The fun thing about skates wasn't that they made you go fast, but that they completely changed how you moved while also making you go fast. Most of the things - hardware, weapons and explosives had controls that could be tweaked to alter their effects - from power sliders and overload button for energy weapons, to timers on explosives to different modes for hardware. Meanwhile in SS2 rapier didn't even use charge despite being energy weapon, working instead as a slightly more powerful, slightly longer wrench, didn't actually burn targets contrary to its '?' description, but instead dealt somewhat enhanced damage to those particular enemies that you'd rather prefer to keep away from your face while they explode and that should take reduced damage from anything that mostly cauterizes organics. And there few actual places where you'd even need a light source in SS2, despite using much more powerful engine and lighting system, so yeah, glowy rapier is sort of cool except it's nearly useless and as a weapon it's both worse and less distinct than its SS1 counterpart.

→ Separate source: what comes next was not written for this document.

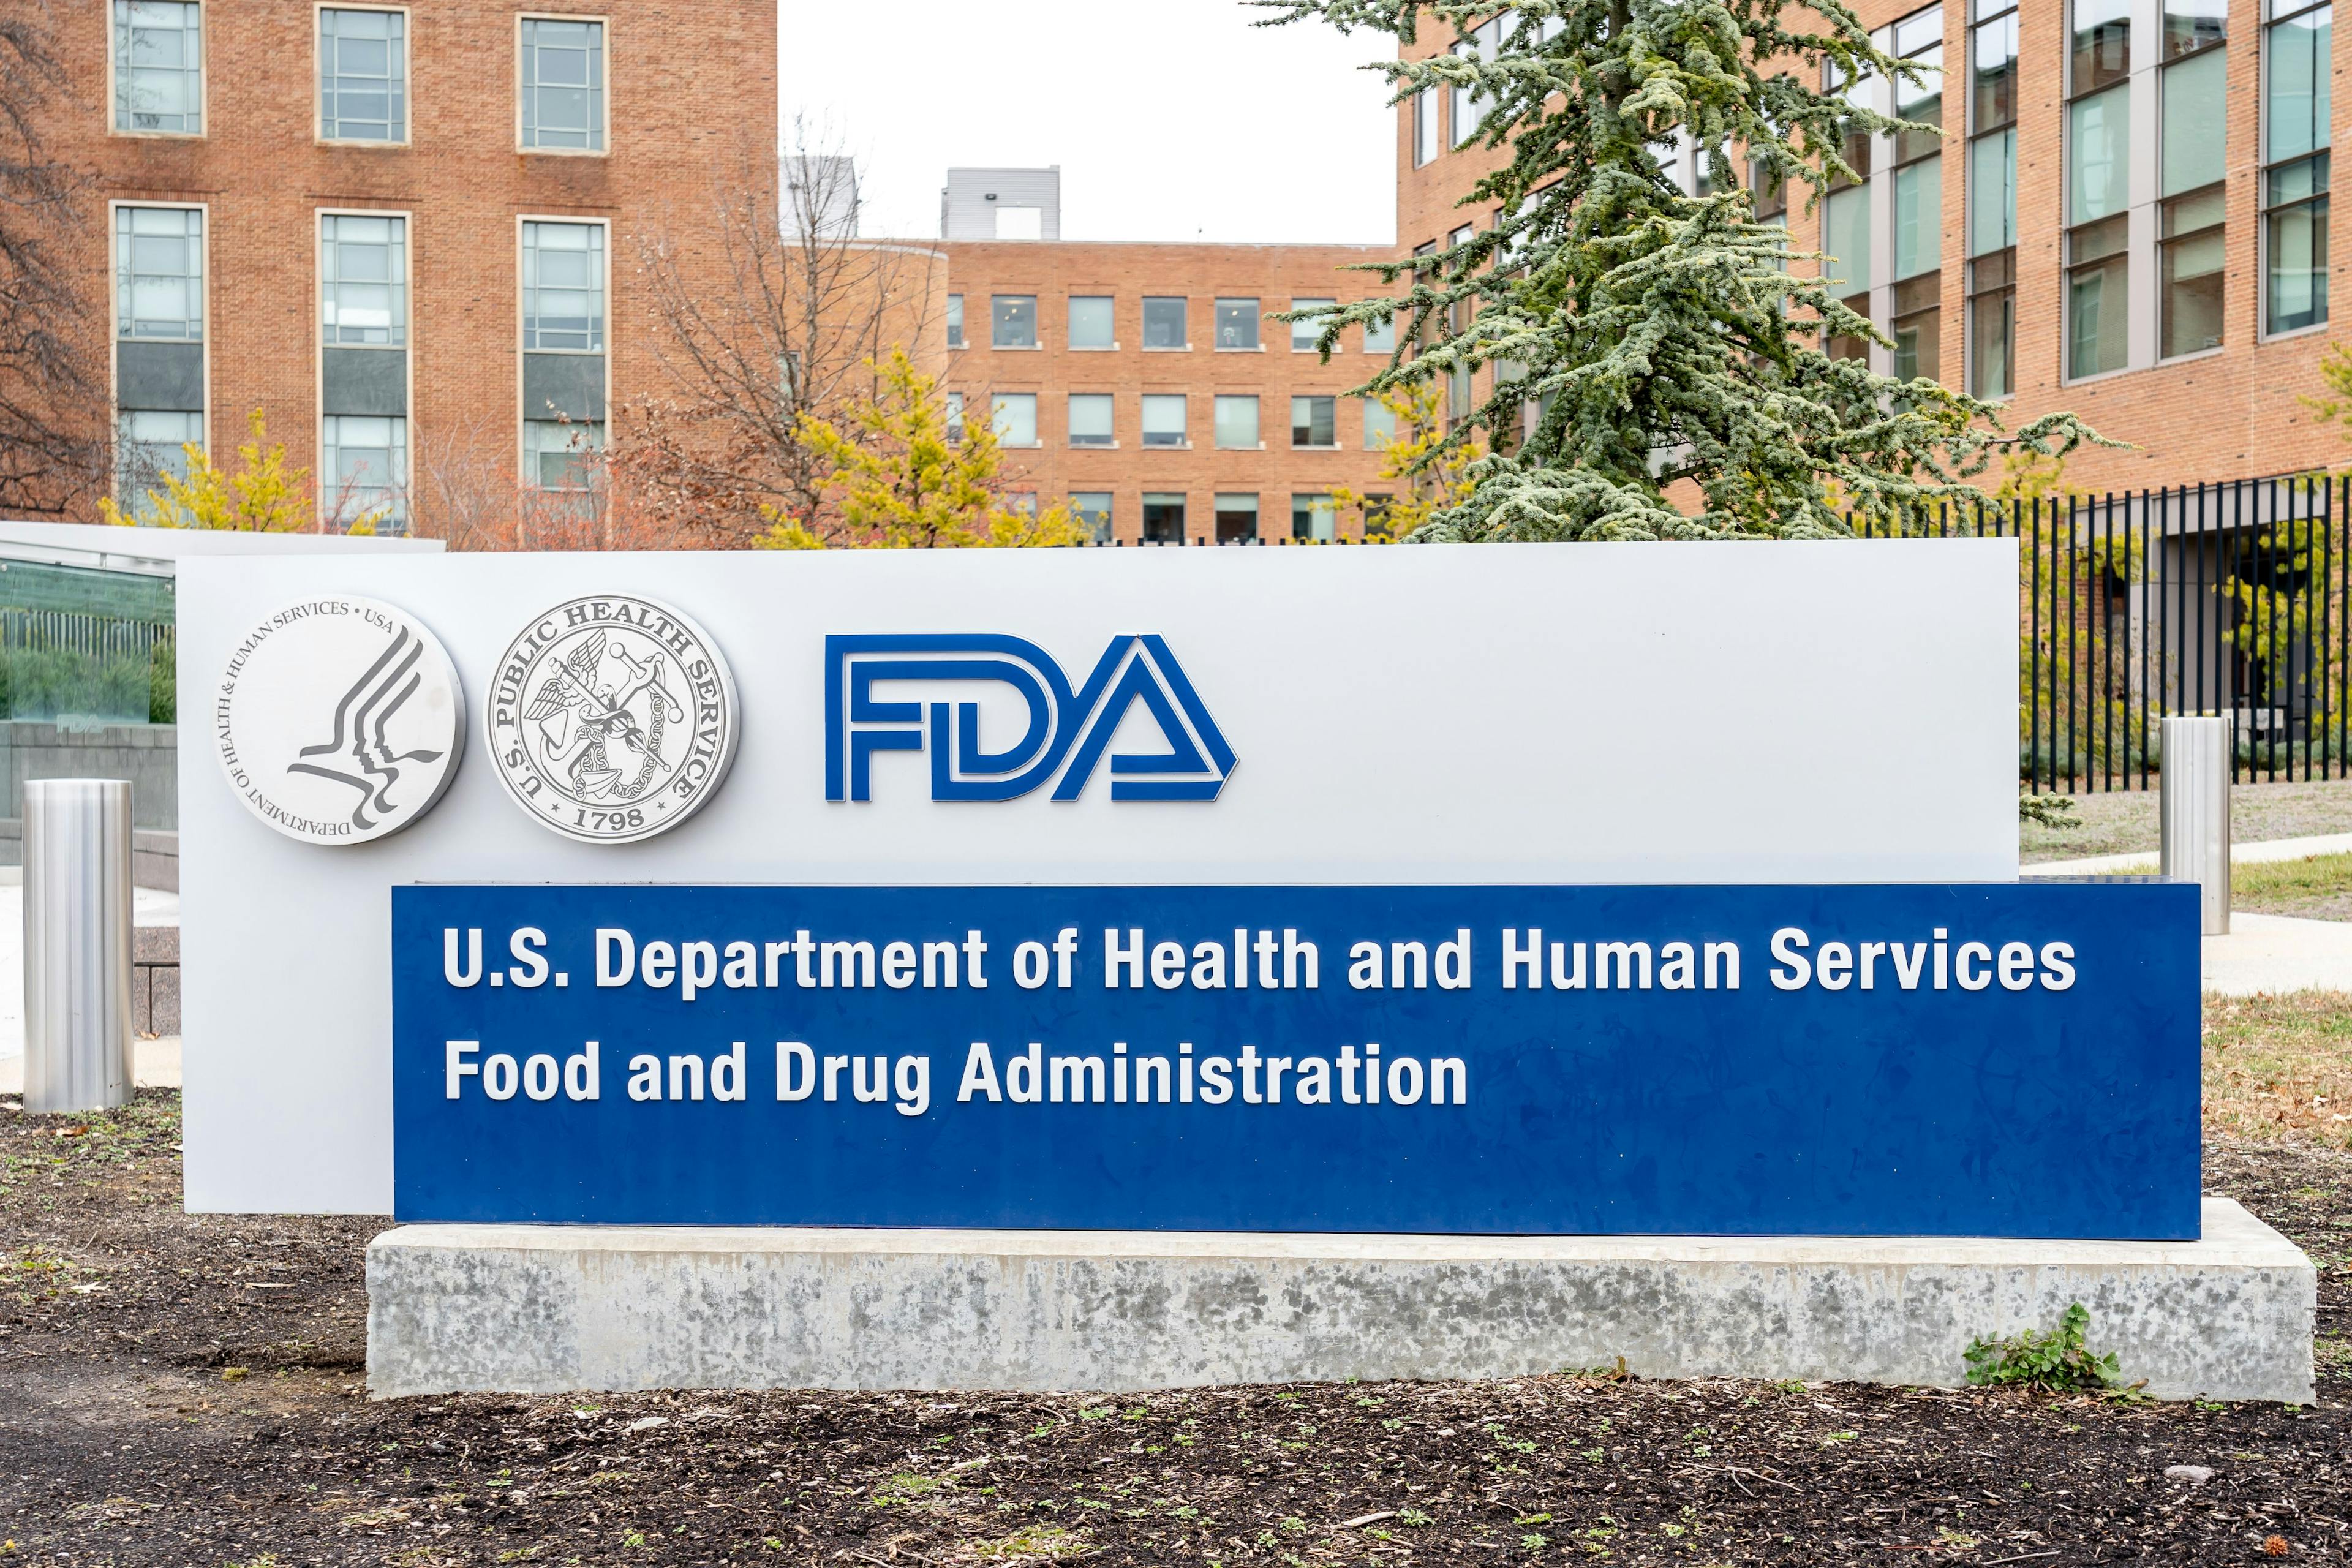  Robert Califf Confirmed as New Head of FDA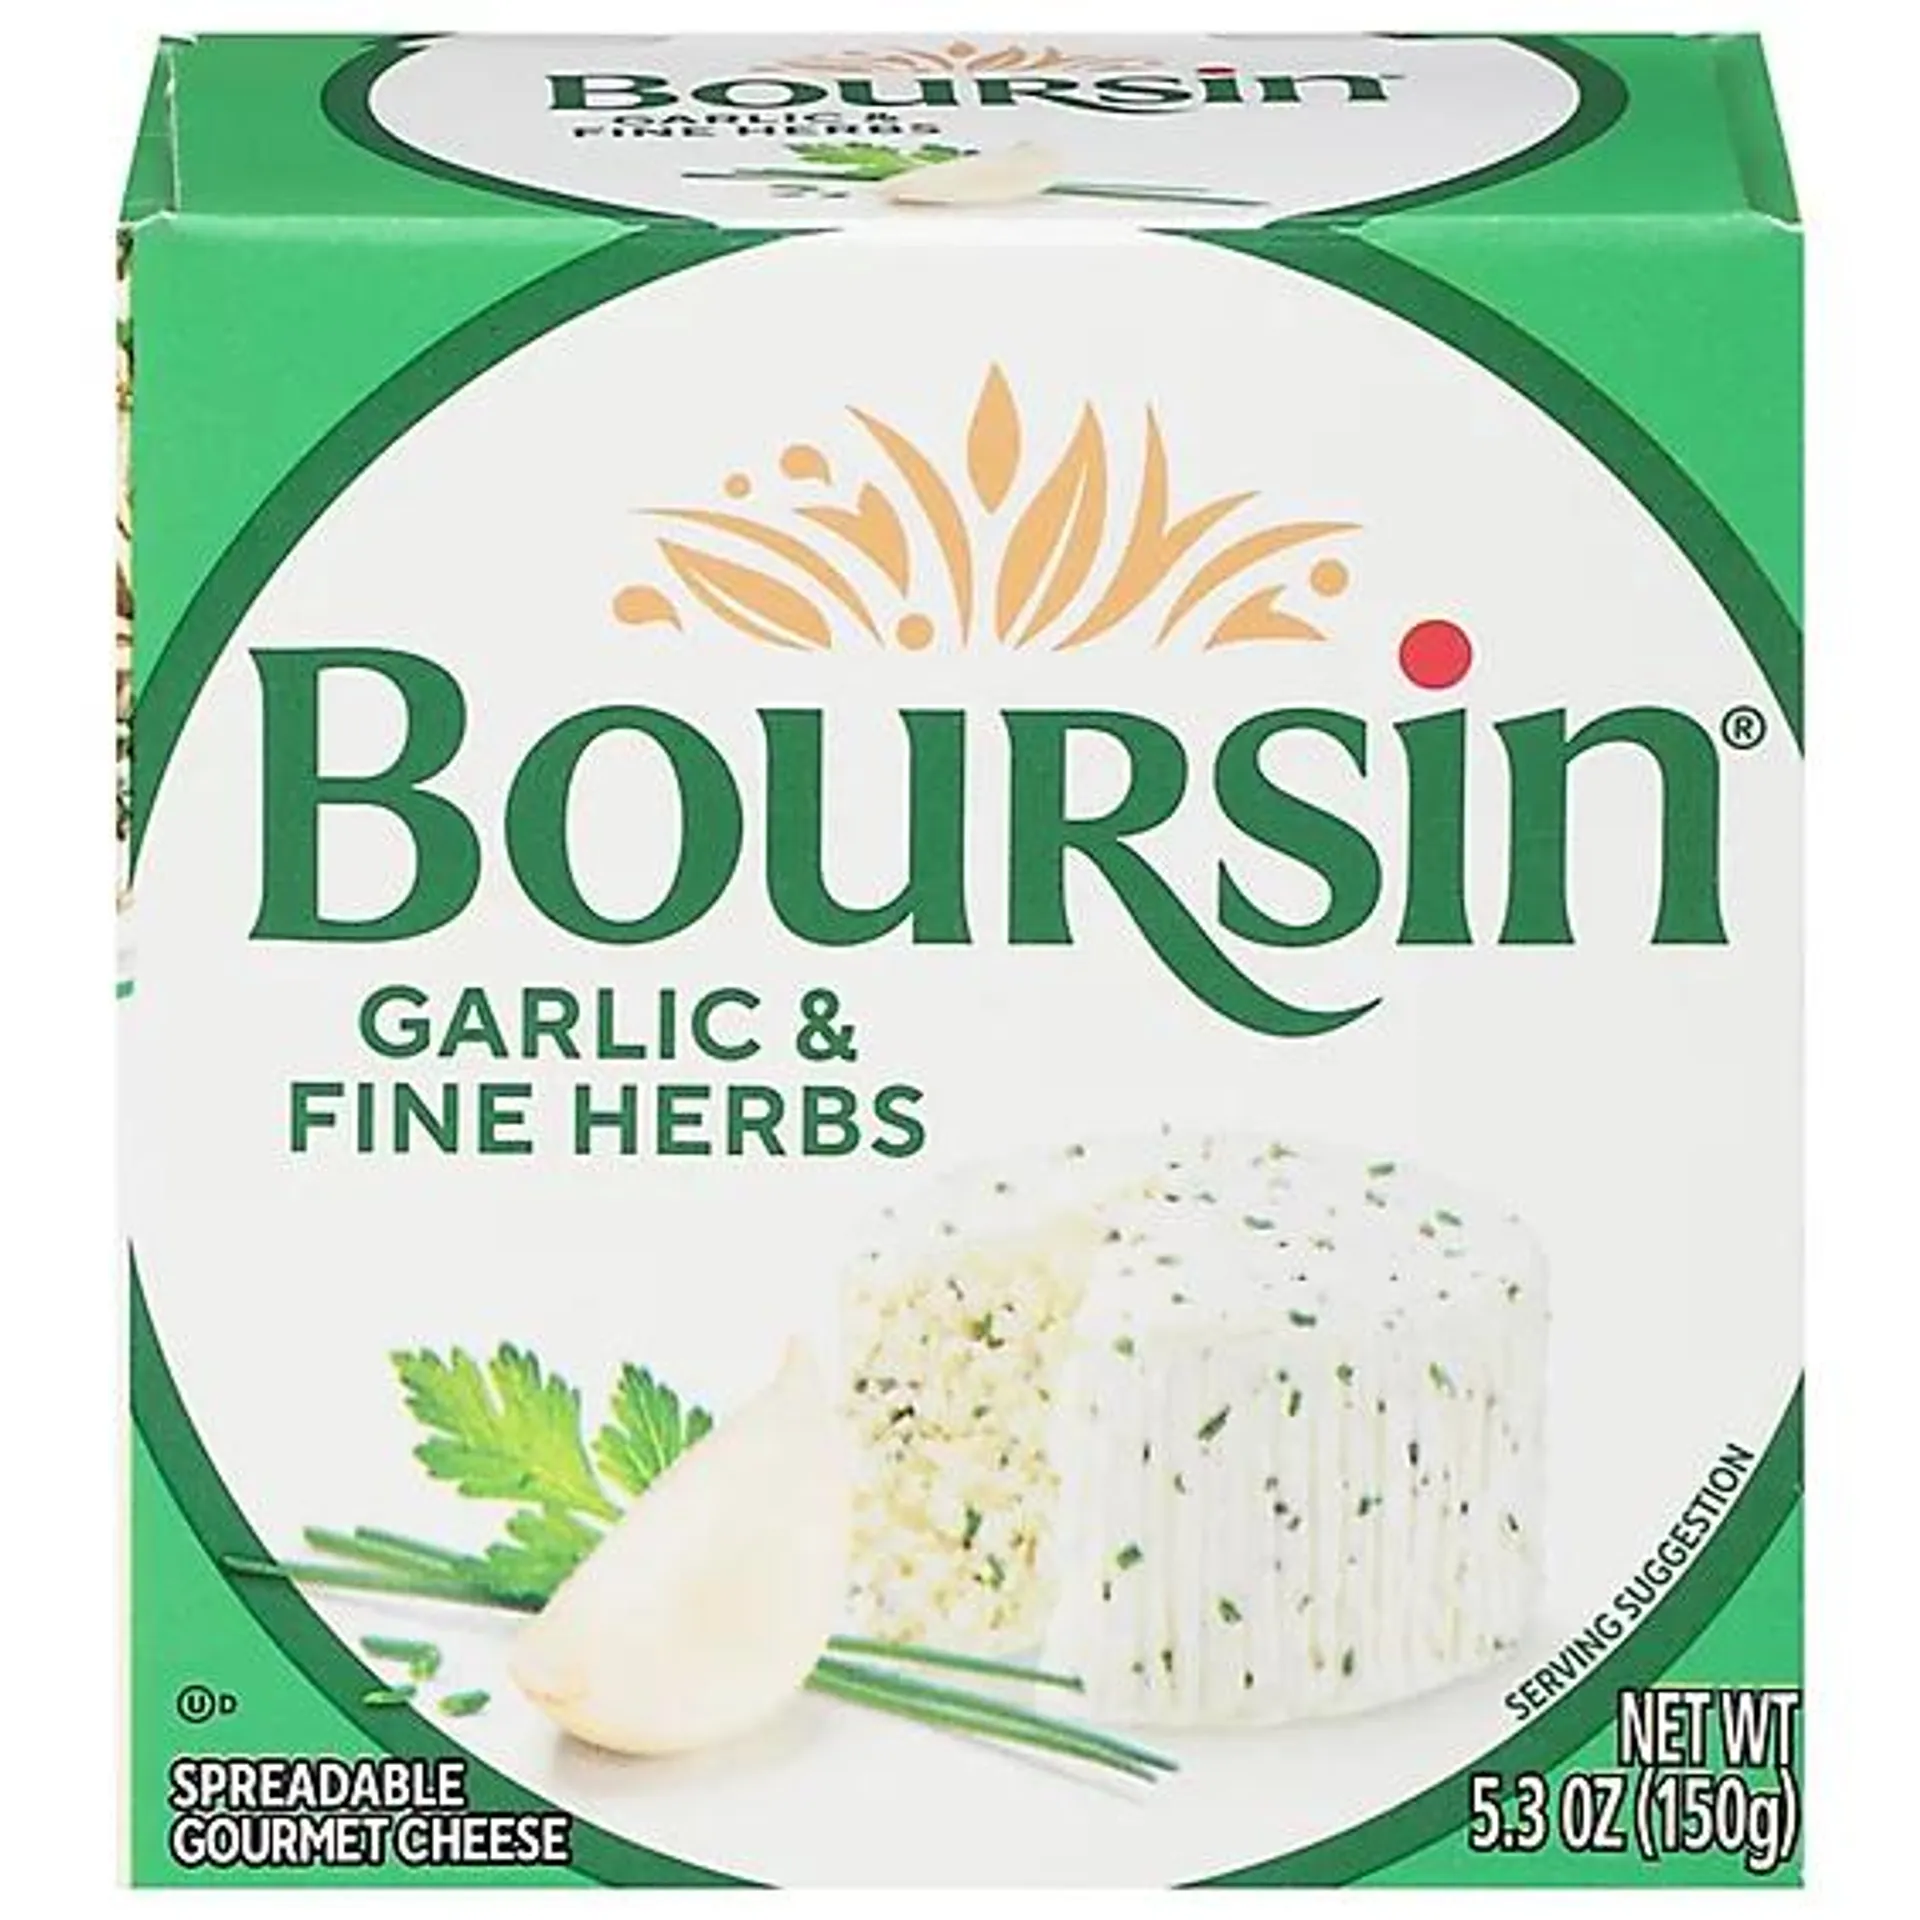 Boursin Garlic & Fine Herbs Gournay Cheese - 5.2 Oz

To give you an example on why some might think SS2 is better, here's what your options are when dealing with radiation in SS1 vs SS2, in SS1 you can wear the hazard suit hardware and use the detox patches you can find in the world, in SS2 you can choose to buy extra rad hypos, you can wear a hazard suit whenever there's radiation around, or you can use the Rad Shield psi power, or raise your Endurance stat via cyber modules or with the EndurBoost implant, or use the Psi Power that raises your Endurance stat since if you reach END 8 you are pretty much immune to radiation.
So you can mitigate or endure radiation in 3 more excitingly mutually redundant ways? How about you keep your fucking +1END amulet and give me back my fucking jetpack?
Another aspect is that where you lose abilities like jump jets you also gain new ones in their place like teleportation and creating physical forcefields.
Except teleportation doesn't expand traversable level area in any way, it just allows quick return to previously visited location and physical forcefields, while cool are very expensive to cast and so mostly used for soma transference cheese.
In jetpack VS teleportation case it's exactly like saying that Oblivion improved over Morrowind because even though you lost levitation, you gained fast travel - fucking yay.
If you missed grenades being more complex the devs still made an effort to fill that gap by giving you proximity grenade ammo for the launcher that can be set off later and psionic land mines, the complexity is roughly the same it's just not concentrated in the same way.
The complexity is not even close. Proximity grenades are just weaker grenades that can be used to create (lousy) traps. In SS1 you could create traps with anything - proximity, time or manually triggered (with guns), you could lob grenades with varying strength and at varying angles including around the corners, perpendicularly to your facing, you could adjust timers, you could form chains of explosions, you could even leave live explosives bobbing in the air in grav shafts.
That's the main difference between SS2 and SS1 - SS1 allows you to mix and match mechanics to your heart's content, allowing you to sculpt your own custom solutions to in-game situations, while in SS2 individual mechanics are streamlined, spread apart, prevented from interacting and centred around codified, canned solutions. Being able to mitigate radiation in roughly the same way with either suit, or PSI or +END (or +END from PSI, or +END from implant, or +END from hypo) doesn't expand the game in any meaningful way. Being able to roll through irradiated area on rocket-boosted skates simultaneously wearing eviro-suit, and slicing bots with laser rapier while hopped up on reflex patch OTOH does.
That's frequent trap of mindlessly adding RPG elements - by slicing the available solution space it streamlines the experience and guides it towards codified premade solutions along the lines of "if stealthy, seek vent shaft to crawl through" we've seen in DX:HR.